In fewer than one hundred days, Trump has shattered the trust of friends and allies and forfeited America’s standing as a beacon of freedom, hope, and individual liberty. He is rapidly degrading America’s ability to attract and retain talent. America’s trusted, imperfect national reputation took decades to build but mere days to destroy. MAGA mobs are not yet shutting down universities and “speaking bitterness” at intellectuals and leaders of all institutions – but Trump has only been in office for 75 days. He has used this time to reduce the power of three core American assets.
Our Constitution. Starting with his attempt to overthrow the 2020 election, Trump has led an assault on the constitutional separation of powers and assumed for himself powers never imagined by previous presidents. In his first ten weeks, he pardoned those convicted of January 6 crimes, neutered Congress with more than 300 executive orders, threatened universities and law firms that have criticized him, and declared a phony national emergency to grab people off the street and ship them to Salvadoran dungeons without due process. Even as he acknowledges that some of those arrested were innocent, he has begun to speak of a third presidential term.

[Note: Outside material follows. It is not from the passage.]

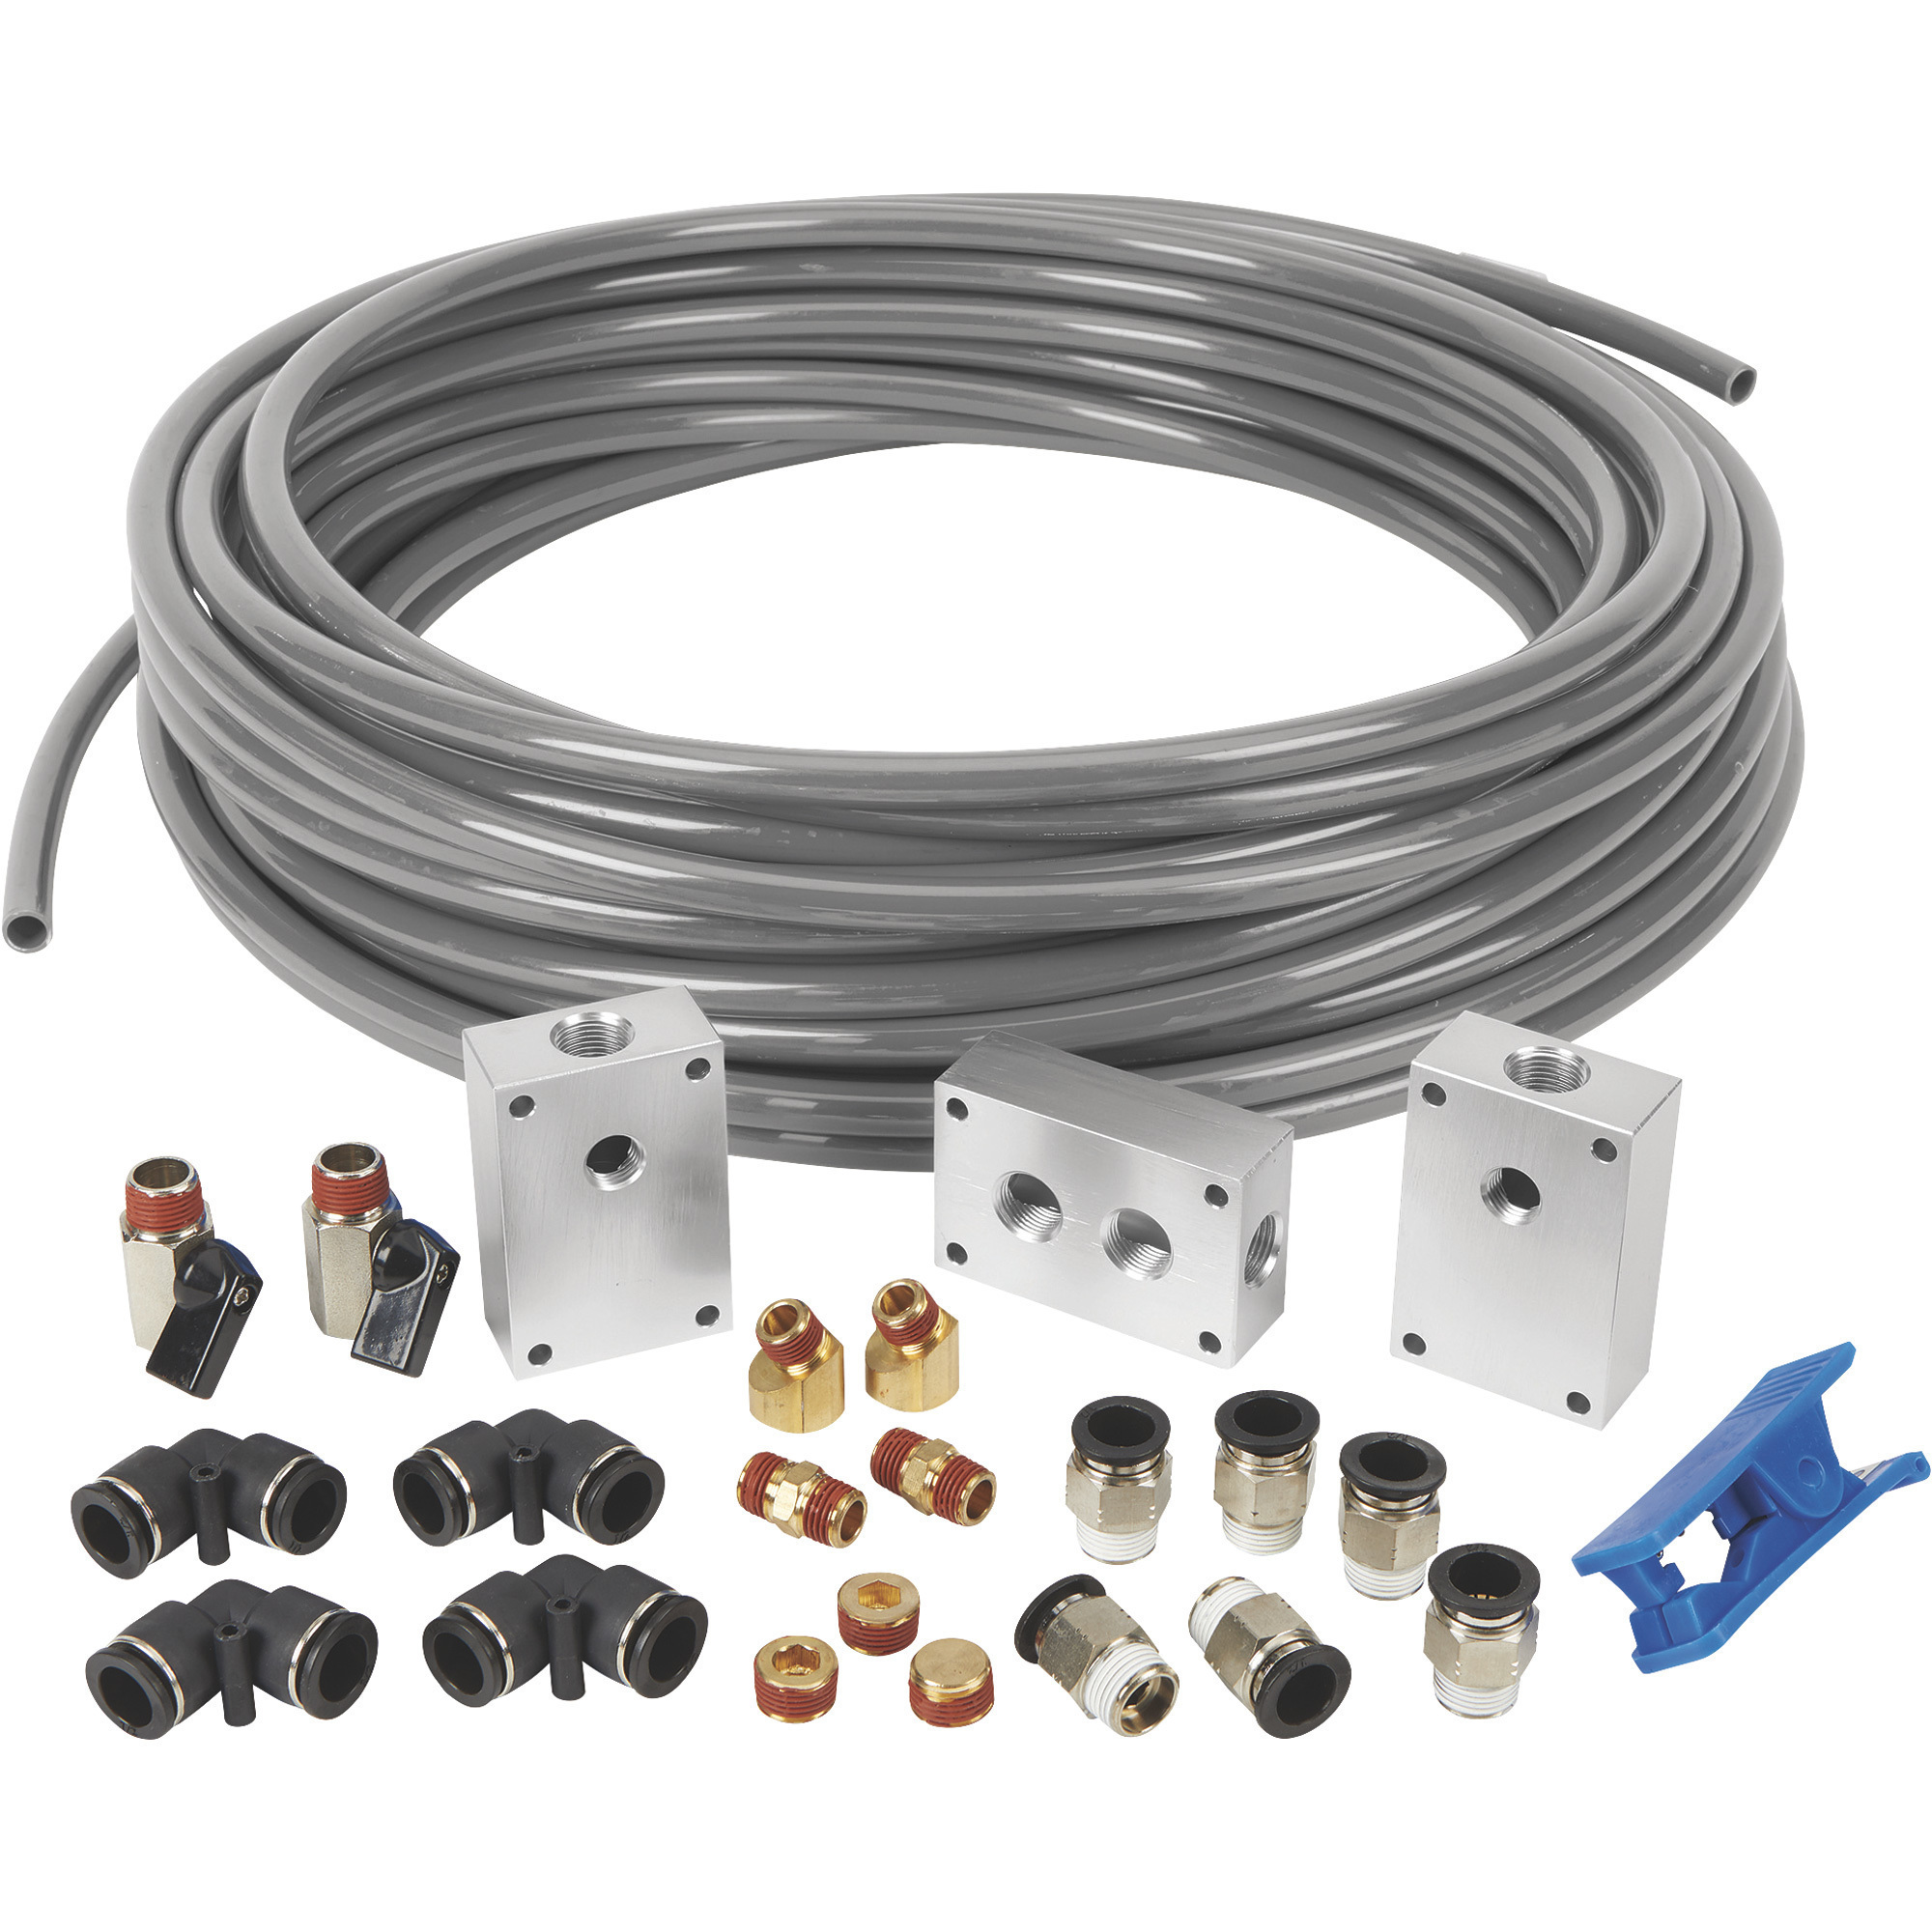 Klutch 1/2in., 100ft. Master Kit Compressed Air Piping System

Our global standing. Trump has crippled the NATO alliance that has prevented world war for eight decades. He has canceled soft power initiatives like PEPFAR that save countless lives, maintain US prestige, and stand with struggling people worldwide. Trump has embraced Vladimir Putin and kneecapped Ukraine. He proposes to take over Greenland, Panama, Gaza, and, astonishingly, Canada.
Our trading partners. Americans have long debated what constitutes “free,” “fair,” or “strategic” trade. However, since tariffs became closely associated with the Great Depression of the 1930s and especially since World War II, the United States has been the architect of a global trading system that has produced unprecedented prosperity. Trump ended that with tariffs on our closest friends and trading partners. He imposed higher tariffs this week than any since the early 1930s. Trump even destroyed the USMCA trade deals, which he proudly bargained with Canada and Mexico during his first term.

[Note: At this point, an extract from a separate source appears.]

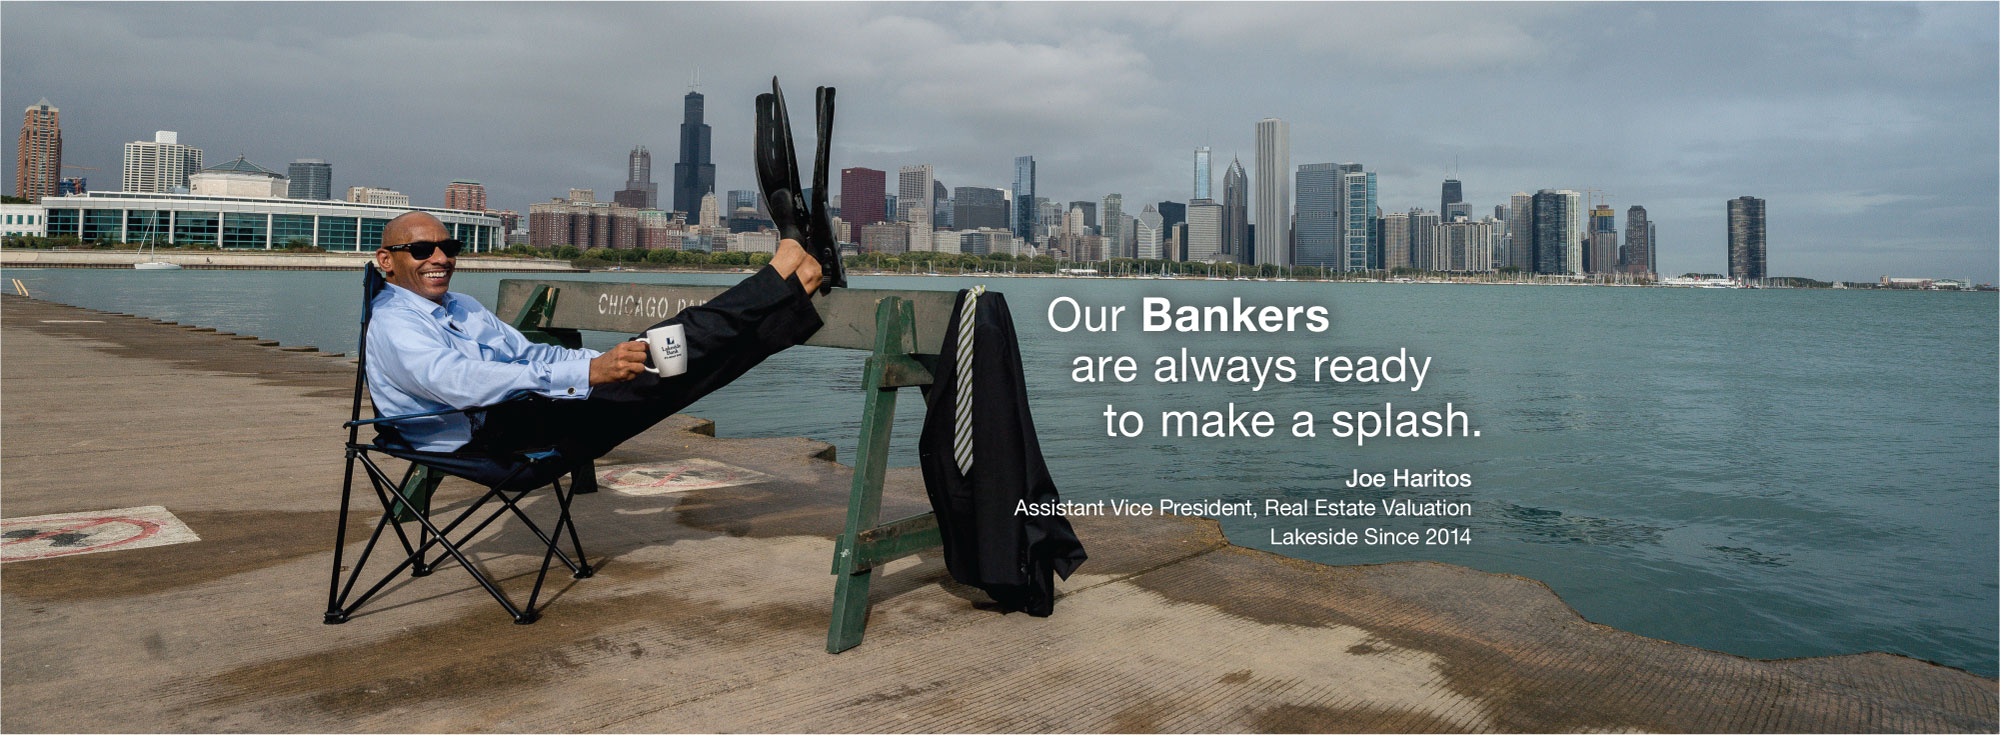 Our bankers are always ready to make a splash

Economics and politics are downstream from culture
Beginning in the late nineteenth century, political thinkers tried to understand the relationship between culture, economics, and politics. Writing from a fascist prison cell in Italy, Antonio Gramsci argued that culture is not just a reflection of economic conditions — it is strategic terrain where power is won or lost. He believed that the media, educational systems, religion, and language are places where cultural consent emerges or is imposed. A Marxist, Gramsci rejected Leninist tactics, arguing instead for a “war of position” to shift cultural hegemony and build alternative institutions.3
Today, many people who have never heard of Antonio Gramsci believe that politics and economics operate downstream from culture. They think that in capitalist democracies, political battles are won and lost not in the streets but in the schools, the media, and the church — which have all moved online. Politics and, to some extent, economics will become culture wars because that’s where political power is won and lost.
Trump’s presidency has 1,385 days left. Those (including me) who hoped that bond and equity markets would temper his determination to upend the American order need to consider the possibility that, like Mao, Trump is prepared to inflict and endure a great deal of pain in the service of his ideology. His cultural revolution may be just getting started.

CODA
Here we go again.
Unlike Mao, Trump’s actions affect the rest of the world. During the sixties, the world ignored Mao, much as we ignore North Korea today.
Ironically, China’s Cultural Revolution has been excellent for Chinese culture – at least the part that gets translated and exported. It has produced outstanding novels, plays, music, and historical research.
We can thank Notre Dame scholar Joseph Buttigieg for translating Gramsci’s Prison Notebooks into English. He is Pete Buttigieg’s father.